J.L.D. HSC, 1 juillet 2024 — 24/05048
Texte intégral
TRIBUNAL JUDICIAIRE DE BOBIGNY
ORDONNANCE STATUANT SUR LA POURSUITE D’UNE MESURE D’HOSPITALISATION COMPLÈTE - DÉLAI DE 12 JOURS ADMISSION A LA DEMANDE D’UN TIERS OU EN CAS DE PÉRIL IMMINENT
N° RG 24/05048 - N° Portalis DB3S-W-B7I-ZQB5 MINUTE: 24/1304
Nous, Emilie ZUBER, juge des libertés et de la détention au tribunal judiciaire de BOBIGNY, assisté de Annette REAL, greffier, avons rendu la décision suivante concernant:
LA PERSONNE EN SOINS PSYCHIATRIQUES :
Madame [C] [W] née le 3 Mars 1982 à [Localité 2] Domicile Indéterminé en Région Parisienne - DIRP
Etablissement d’hospitalisation: L’EPS DE [3],
Présente assistée de Me Sarah M’HIMDI, avocat commis d’office
PERSONNE A L’ORIGINE DE LA SAISINE Madame la directrice de L’EPS DE [3] Absent
TIERS A L’ORIGINE DE L’HOSPITALISATION Monsieur [F] [W] Absent
MINISTÈRE PUBLIC Absent A fait parvenir ses observations par écrit le 28 juin 2024
Le 20 juin 2024, la directrice de L’EPS DE [3] a prononcé la décision d’admission en soins psychiatriques de Madame [C] [W].
Depuis cette date, Madame [C] [W] fait l’objet d’une hospitalisation complète au sein de L’EPS DE [3].
Le 25 juin 2024, la directrice de l’établissement a saisi le juge des libertés et de la détention aux fins de poursuite de l’hospitalisation complète de Madame [C] [W].
Le ministère public a fait connaître son avis par conclusions écrites du 28 juin 2024.
A l’audience du 1er juillet 2024, Me Sarah M’HIMDI, conseil de Madame [C] [W], a été entendu en ses observations.
L’affaire a été mise en délibéré à ce jour.
MOTIFS Aux termes de l’article L. 3212-1 du code de la santé publique, une personne atteinte de troubles mentaux ne peut faire l’objet de soins psychiatriques sur la décision du directeur d’un établissement mentionné à l’article L. 3222-1 du même code que lorsque les deux conditions suivantes sont réunies : 1° Ses troubles mentaux rendent impossible son consentement ; 2° Son état mental impose des soins immédiats assortis soit d’une surveillance médicale constante justifiant une hospitalisation complète, soit d’une surveillance médicale régulière justifiant une prise en charge sous la forme mentionnée au 2° de l’article L. 3211-2-1.

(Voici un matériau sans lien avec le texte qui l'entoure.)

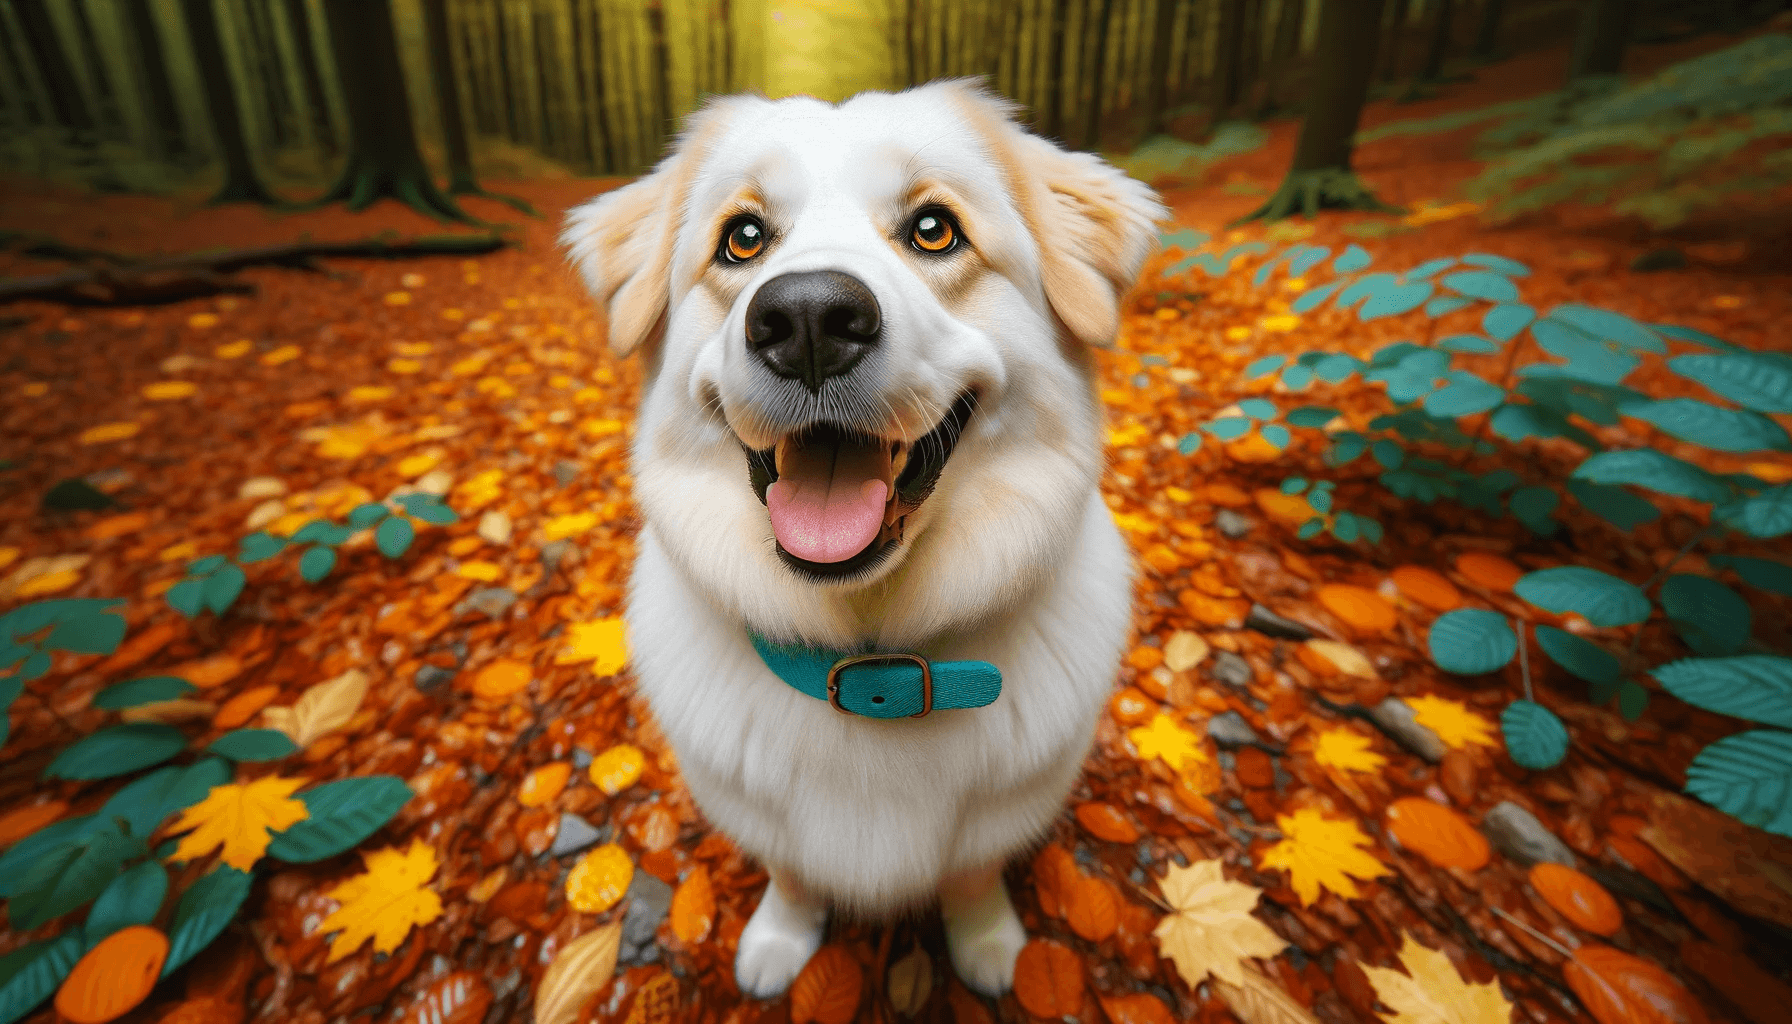 A cheerful Pyrenees Lab Mix dog with a bright white coat sitting on a carpet of autumn leaves. The dog is looking up with a joyful expression, tongue
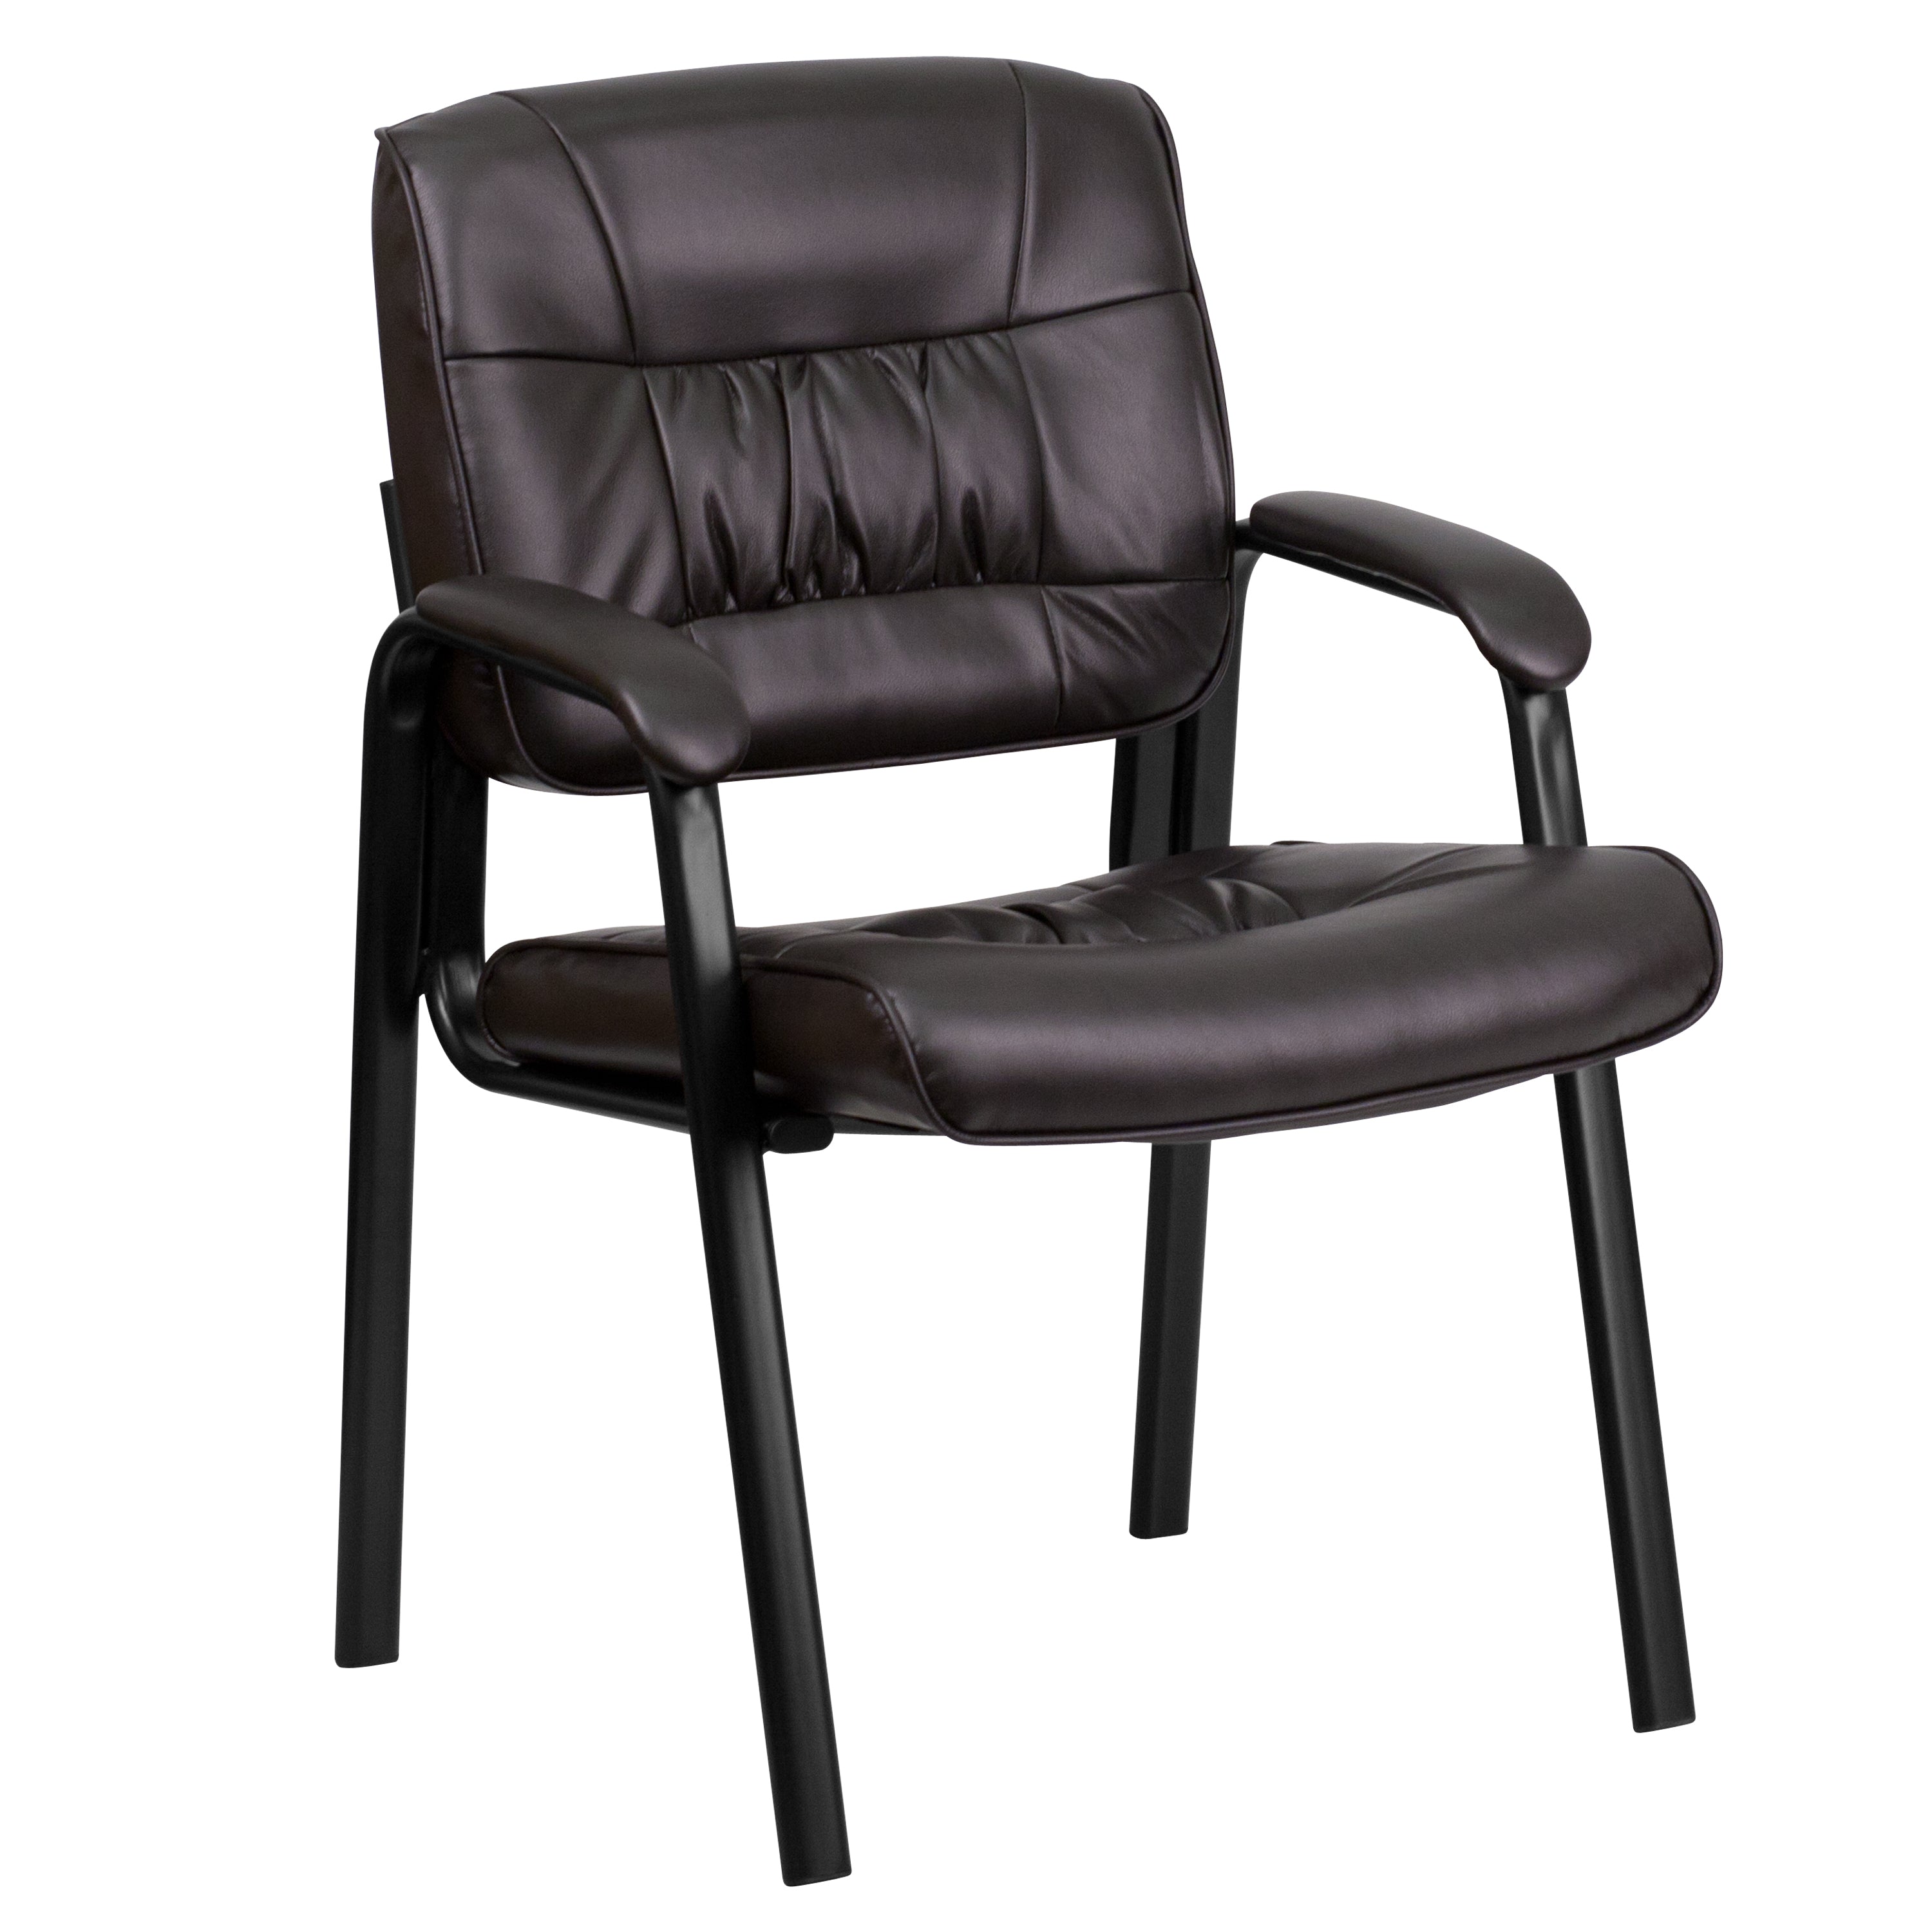 LeatherSoft Executive Side Reception Chair with Powder Coated Frame-Office Chair-Flash Furniture-Wall2Wall Furnishings

L’article L. 3211-12-1 du même code dispose que l’hospitalisation complète d’un patient ne peut se poursuivre sans que le juge des libertés et de la détention, préalablement saisi par le directeur de l’établissement, n’ait statué sur cette mesure, avant l’expiration d’un délai de douze jours à compter de l’admission prononcée en application des chapitres II ou III du présent titre ou de l’article L. 3214-3 ou à compter de la décision par laquelle le directeur de l’établissement a modifié la forme de la prise en charge du patient en procédant à son hospitalisation complète.
Il convient encore de rappeler que le juge judiciaire ne peut substituer son avis à celui des médecins quant à l’existence des troubles mentaux et la nécessité de recevoir des soins, et que le juge qui se prononce sur le maintien de l’hospitalisation complète doit apprécier le bien fondé de la mesure au regard des certificats médicaux qui lui sont communiqués.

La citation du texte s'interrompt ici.